| TASK BRIEF |
Each entry below is to be given again word for word, with no pictures.

[[ SUPPLIED DATA open ]]

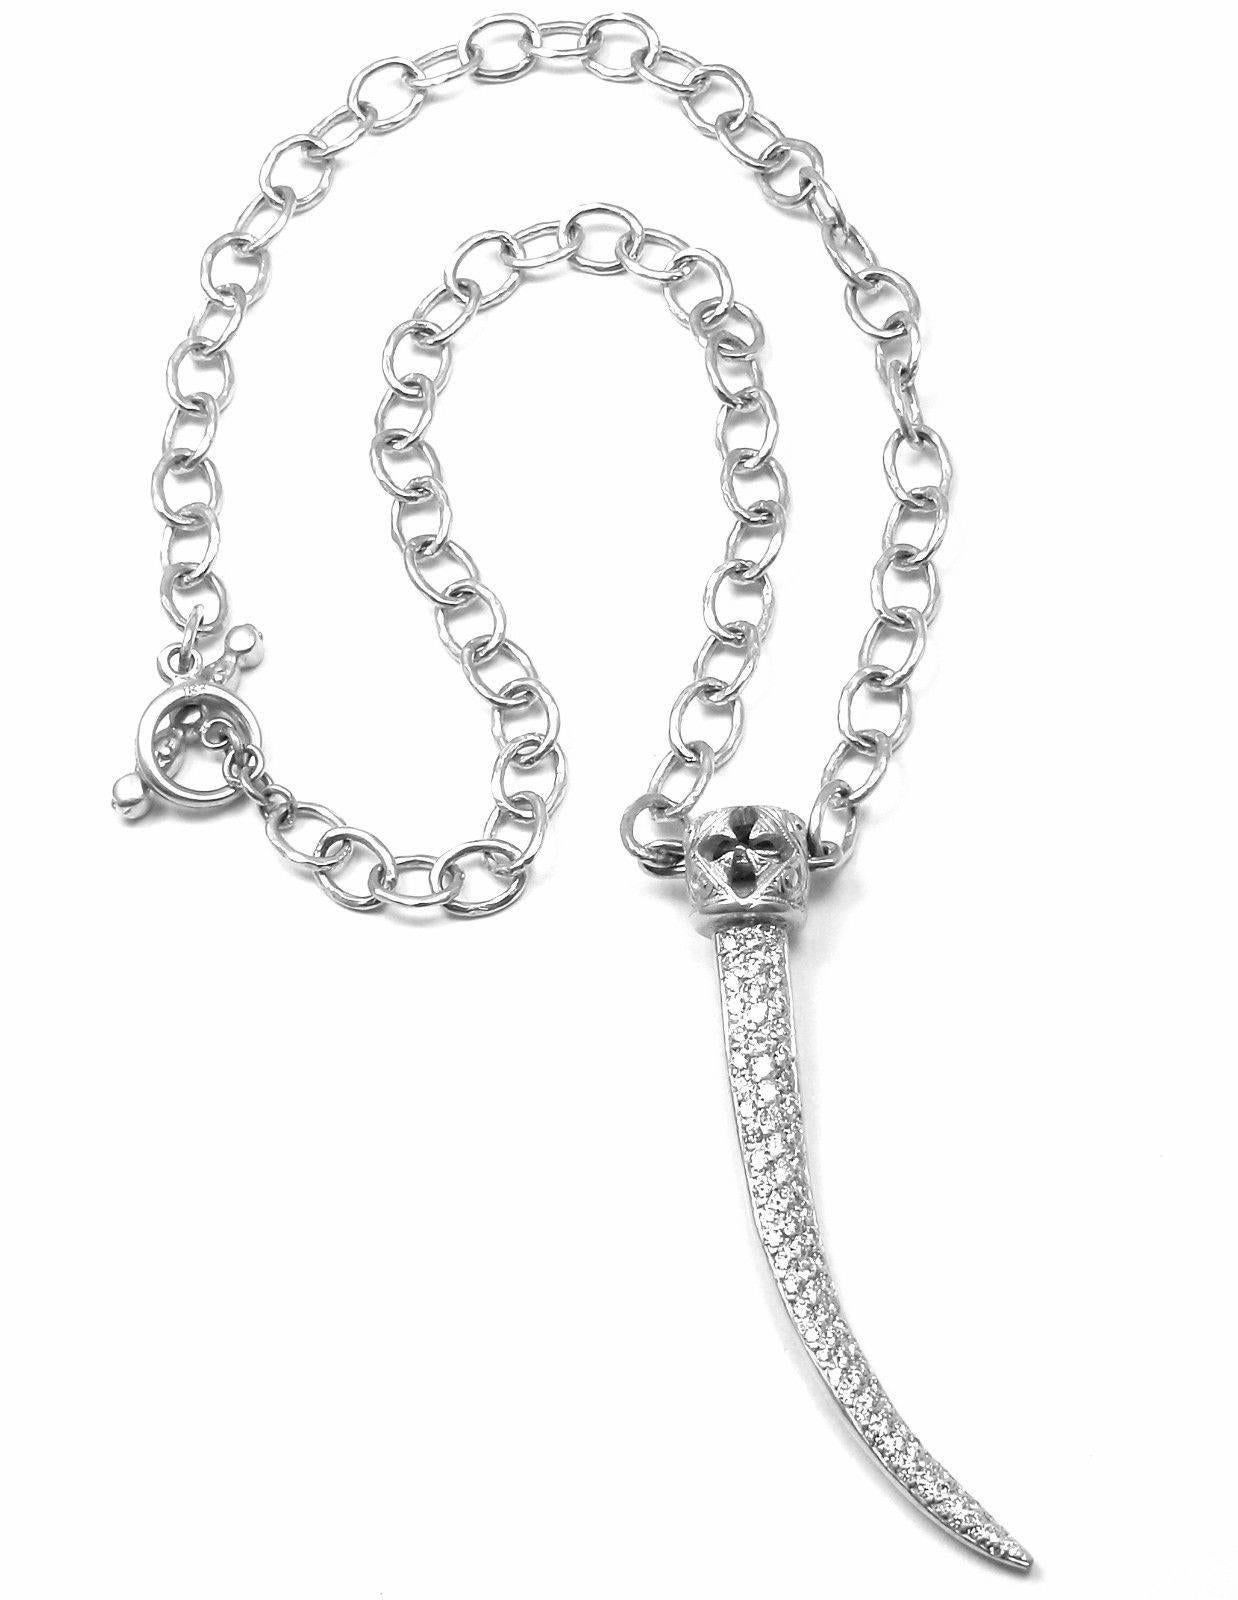 18k White Gold Diamond Large Claw Pendant Necklace by Loree Rodkin. 
With Round diamonds estimated total diamond weight 1.450cts
This This necklace used to belong to Jackie Collins and was 
purchased from her jewelry estate collection.

Details:

[[ SUPPLIED DATA closed ]]

| SOLUTION FOR THIS PROBLEM |
 18k White Gold Diamond Large Claw Pendant Necklace by Loree Rodkin. 
With Round diamonds estimated total diamond weight 1.450cts
This This necklace used to belong to Jackie Collins and was 
purchased from her jewelry estate collection.

Details:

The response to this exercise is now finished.